We see the future of location data providing a much more nuanced and detailed perspective for a variety of uses, from transportation planning to advertising. As our world gets increasingly connected through emerging technologies that become mainstream, location data will become much more prevalent as it stems from various new sources. The most common type of location data now is the mobile signal, but car sensor data and multiple types of Internet of Things-connected devices are also becoming more common.
Home assistant devices alone—Amazon’s Echo, Google’s Home and the Nest Thermostat, for example—have have recently exploded in popularity. According to McKinsey, the number of connected homes in the US has gone from 15 million in 2015, to 22 million in 2016, to 29 million in 2017. That’s 30% year-over-year growth.
Growth among IoT and connected cars is only expected to continue in the coming years. Cisco’s 2018 Visual Networking Index notes “machine-to-machine (M2M) connections that support IoT applications will account for more than half of the world’s 28.5 billion connected devices by 2022,” according to ZDNet. “By 2022, the connected home vertical will account for the bulk of total M2M connections, while connected cars will show the fastest growth, with a 28% compound annual growth rate.”
There will be a surge of location data in the next five years, and analysts and those looking to target consumers will welcome the addition of machine learning and AI to help make sense of this trove of information.

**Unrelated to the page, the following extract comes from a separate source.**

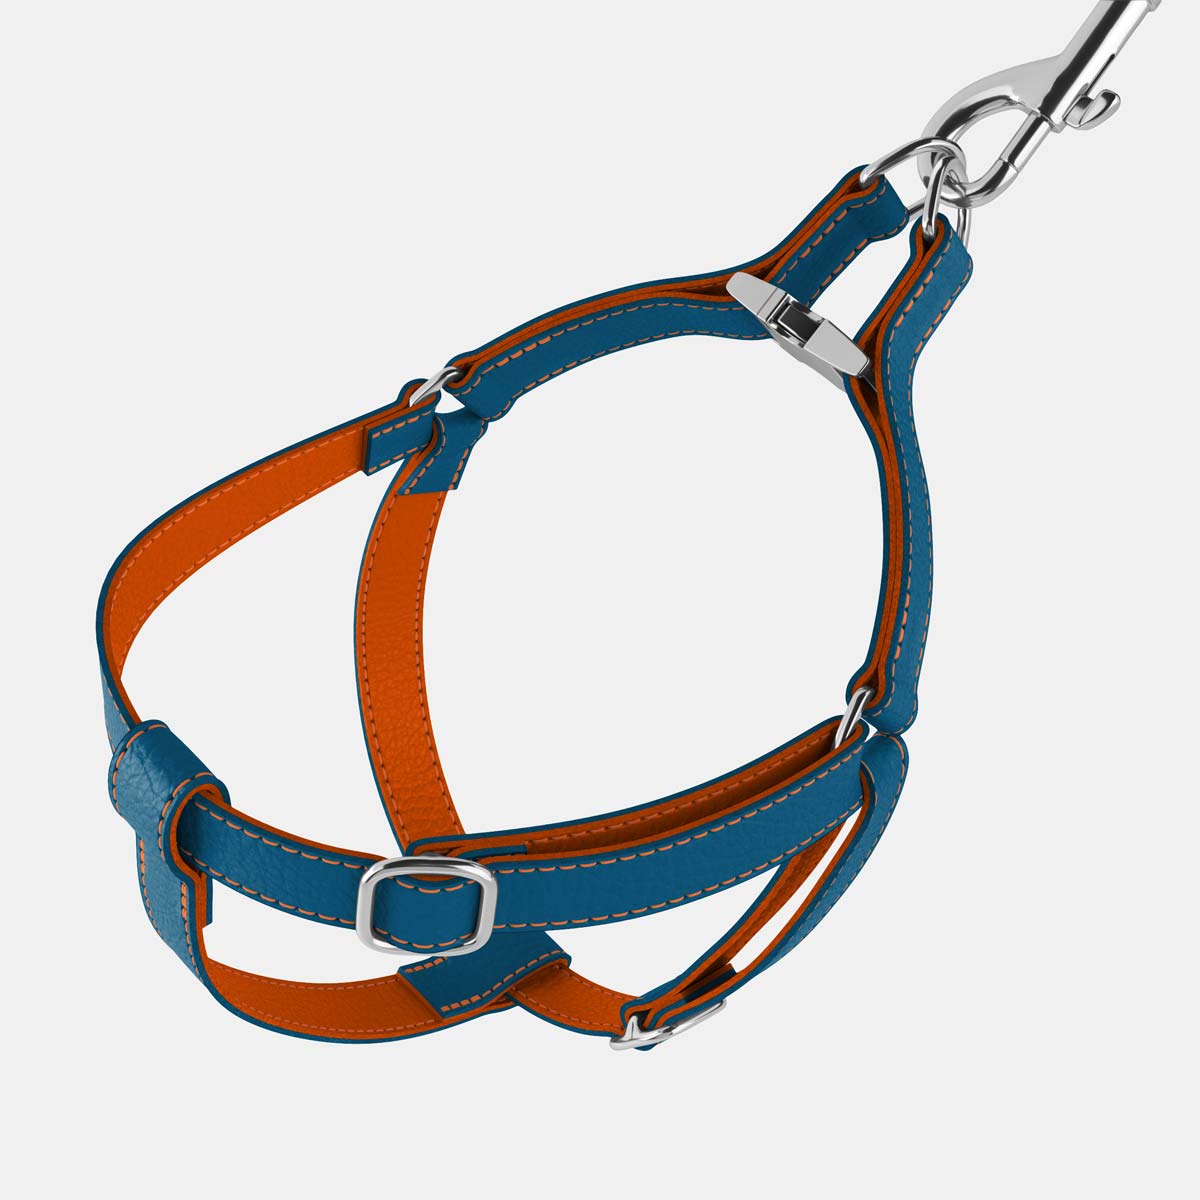 Leather Dog Harness - Blue and Orange - RYAN London

Use Cases for Location Data and AI in Segmentation
There are a number of future use cases for AI and how it can augment and improve a number of segmentation and personalization practices as it relates to location data, and how that can be applied or layered on with other ad tech partners. Several use cases, such as media buying and planning, when paired with location data and AI, enable advertisers, DSPs and other players to measure campaign performance, operational efficiency, the ability to make decisions in real-time during campaigns, and ultimately improve ROI.
Media buying and planning: Agencies and brands have been using AI, for example, for automated ad buying to find cheaper inventory and determine which bids they were unlikely to win.
Audience analysis and campaign performance: The market continues to apply AI to analyze audience insights, at scale, when they are served ads. After all, a person’s location when consuming any experience, including ads, is critical to understanding how it performs. For example, a video ad running on the Pandora app won’t do much good if the person is using Pandora while driving.